Simple and Effective Graph Autoencoders with One-Hop Linear Models
This work simplifies graph autoencoders for researchers and practitioners, questioning the need for complex models on standard benchmarks, but it is incremental as it builds on existing autoencoder frameworks.
The paper tackled the problem of unnecessarily complex graph convolutional network encoders in graph autoencoders by proposing simpler one-hop linear models, showing they achieve competitive performance on benchmark datasets for link prediction and node clustering.

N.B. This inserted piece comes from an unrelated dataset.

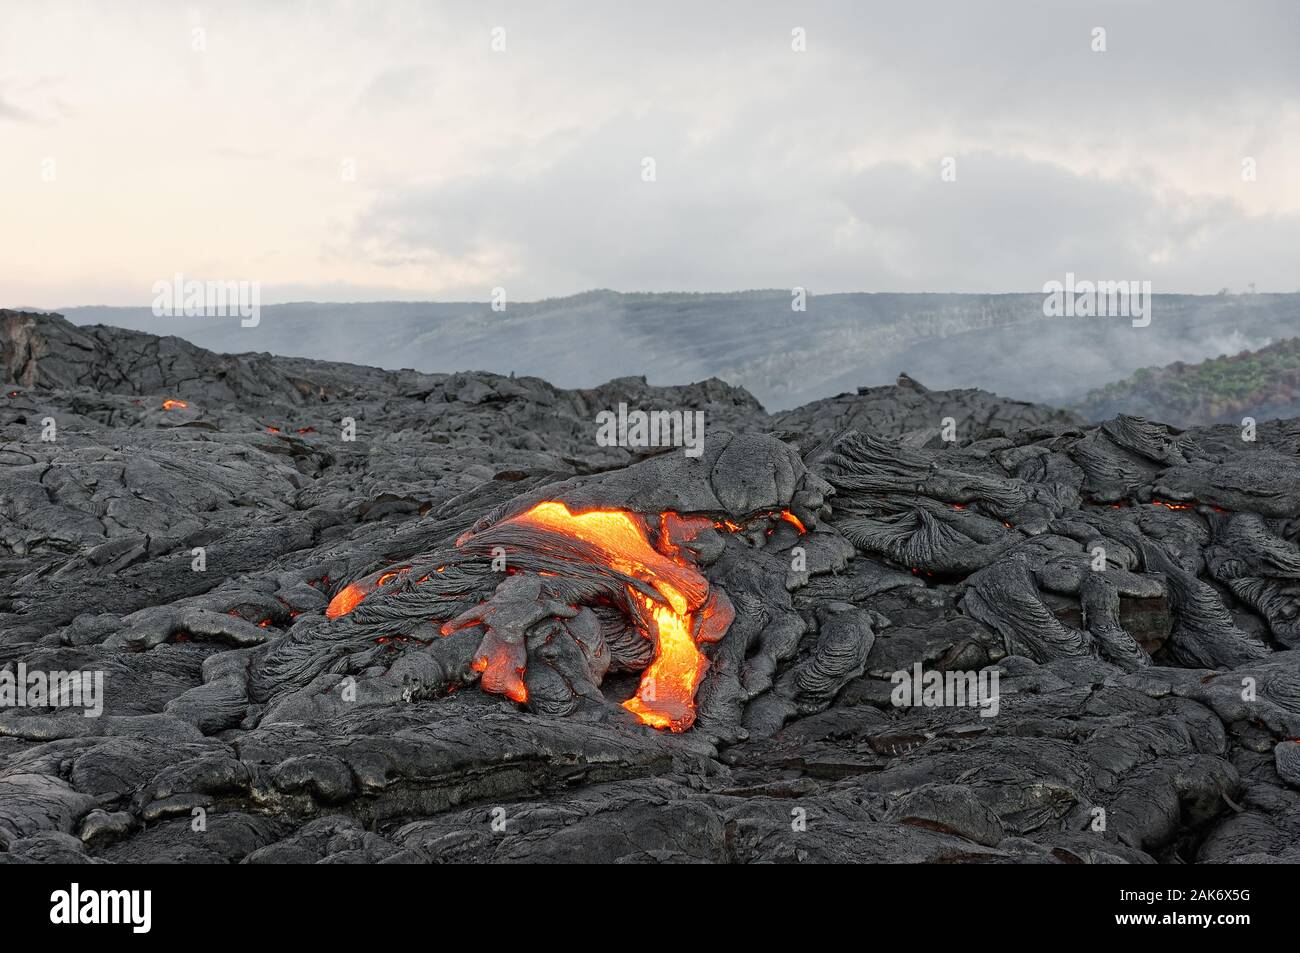 Heiße Magma eines aktiven Lavastrom Austritt aus einer Spalte, die Hitze  der glühende Lava macht die Luft flimmert, die Lava langsam abkühlt und  erstarrt Stockfotografie - Alamy
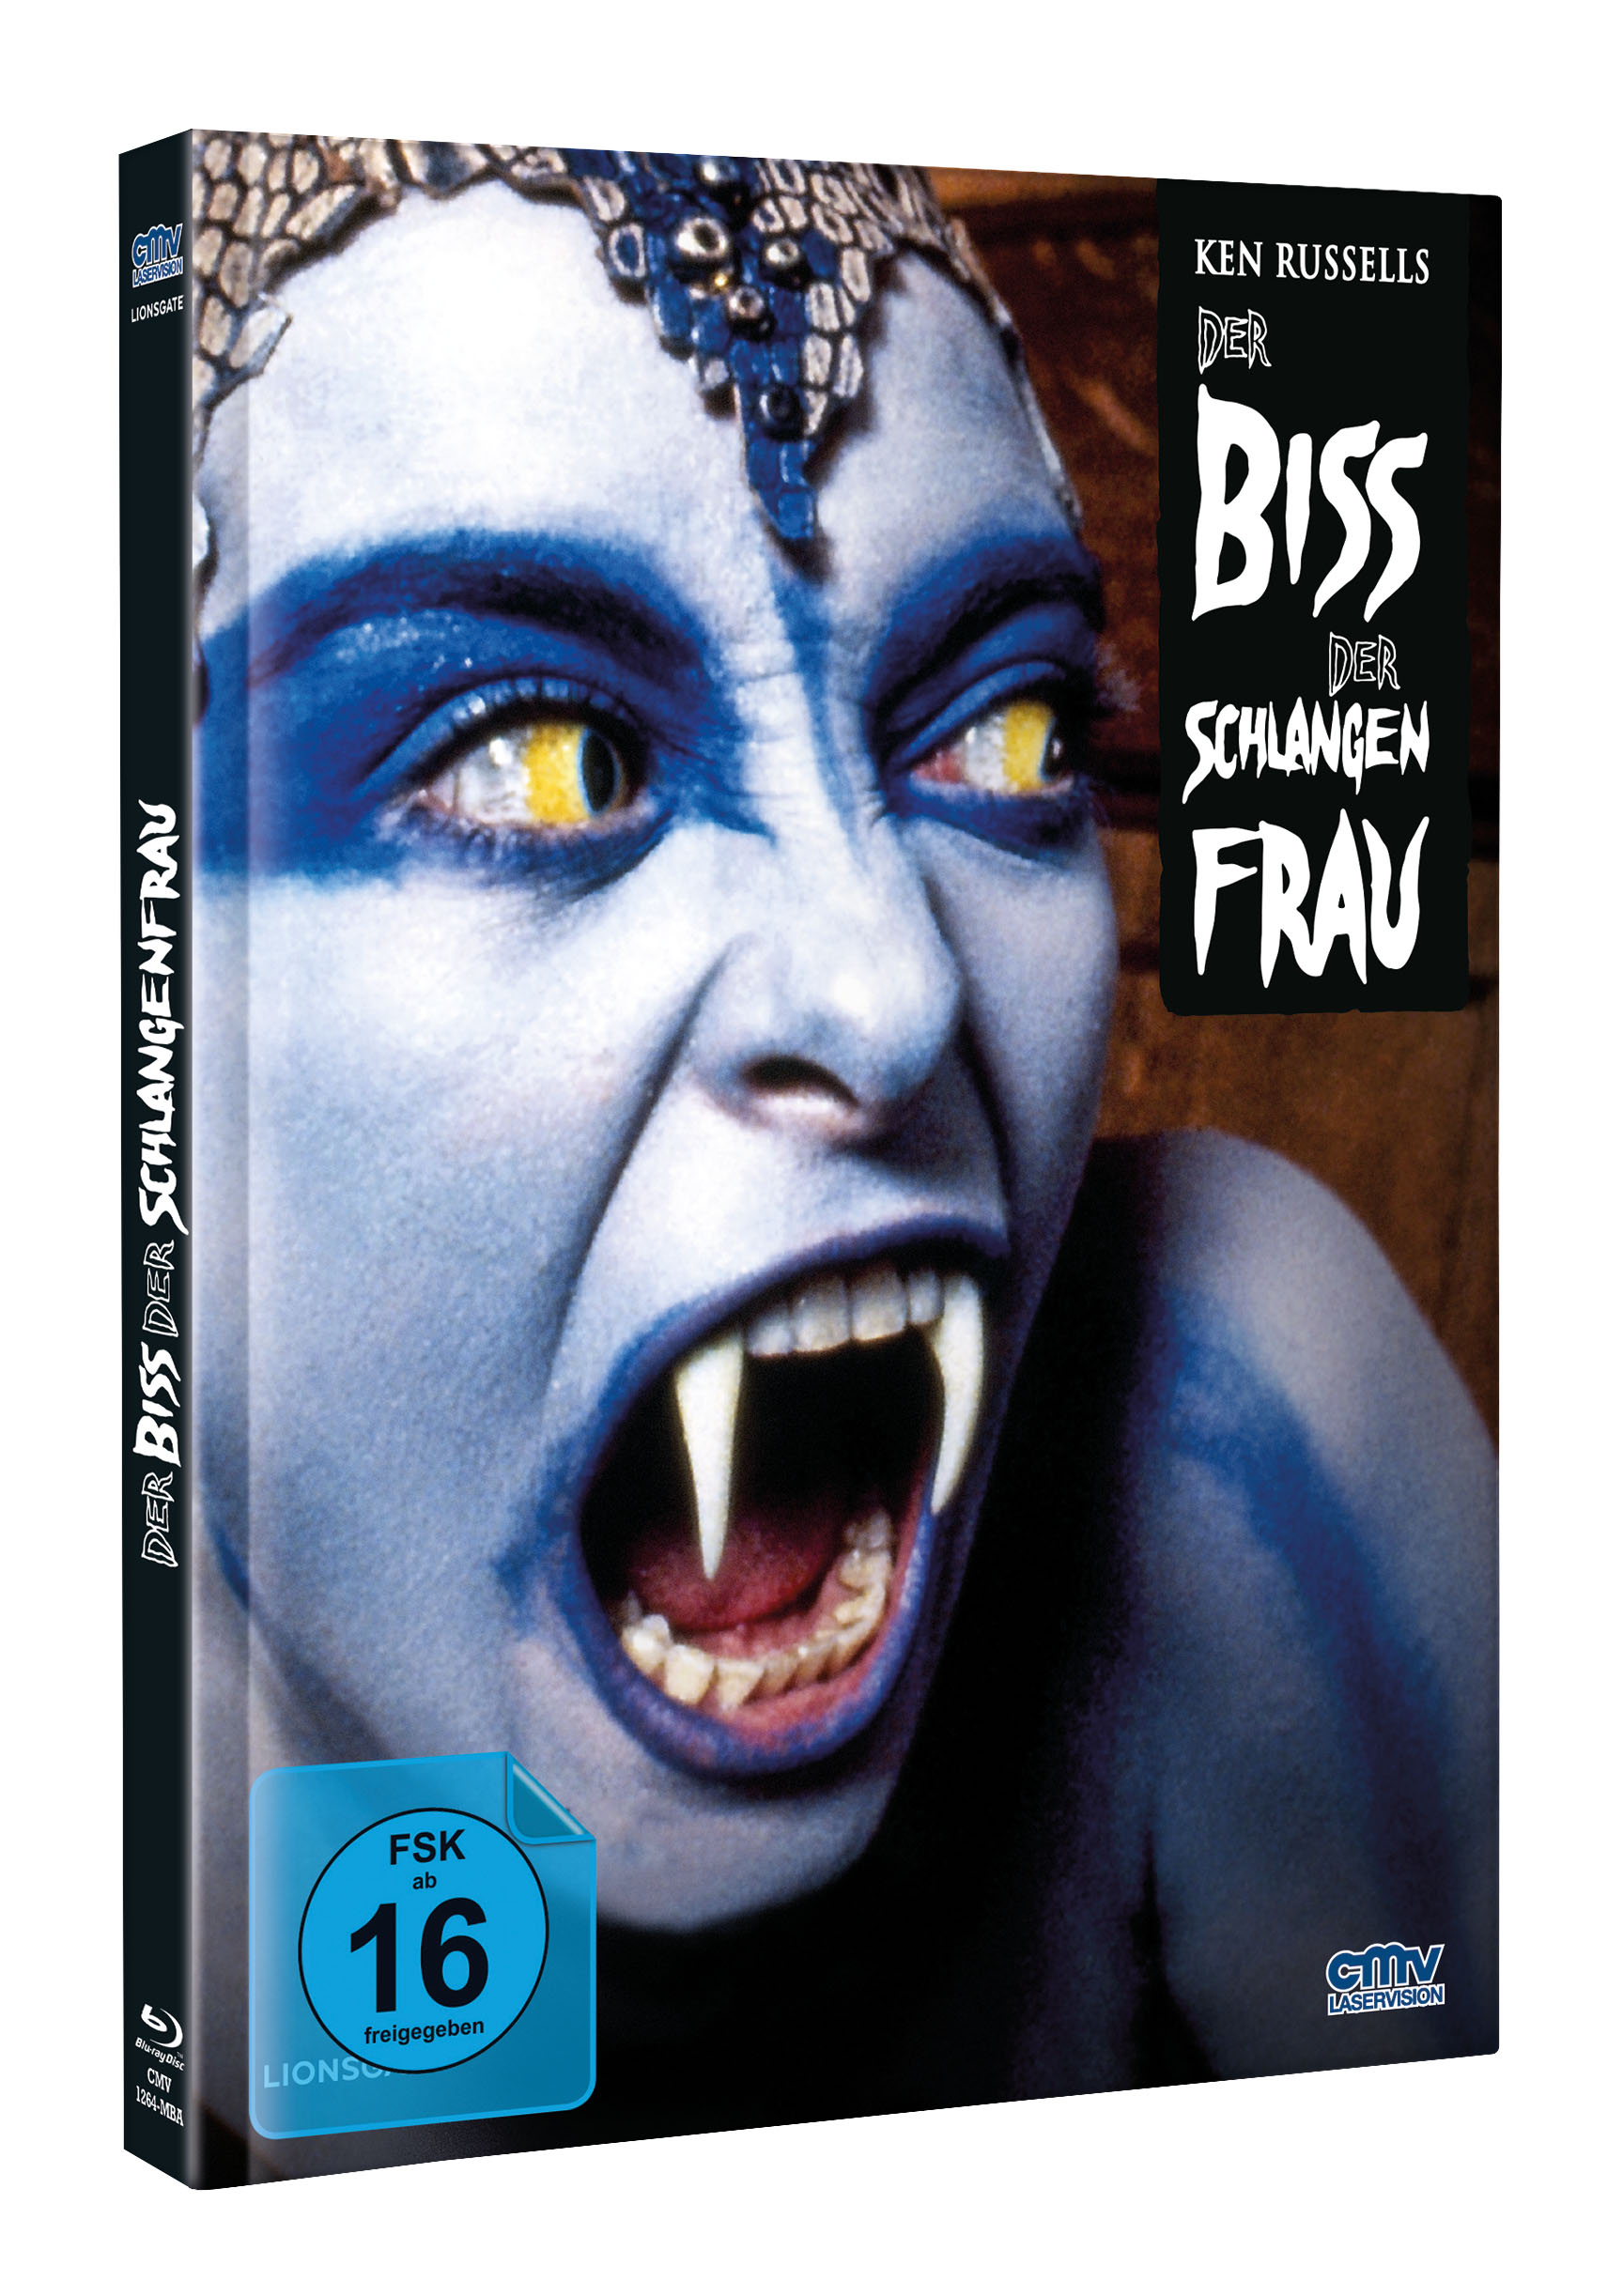 Der Biss der Schlangenfrau (Limitiertes Mediabook) (Blu-ray + DVD)

Over the last few years, graph autoencoders (AE) and variational autoencoders (VAE) emerged as powerful node embedding methods, with promising performances on challenging tasks such as link prediction and node clustering. Graph AE, VAE and most of their extensions rely on multi-layer graph convolutional networks (GCN) encoders to learn vector space representations of nodes. In this paper, we show that GCN encoders are actually unnecessarily complex for many applications. We propose to replace them by significantly simpler and more interpretable linear models w.r.t. the direct neighborhood (one-hop) adjacency matrix of the graph, involving fewer operations, fewer parameters and no activation function. For the two aforementioned tasks, we show that this simpler approach consistently reaches competitive performances w.r.t. GCN-based graph AE and VAE for numerous real-world graphs, including all benchmark datasets commonly used to evaluate graph AE and VAE. Based on these results, we also question the relevance of repeatedly using these datasets to compare complex graph AE and VAE.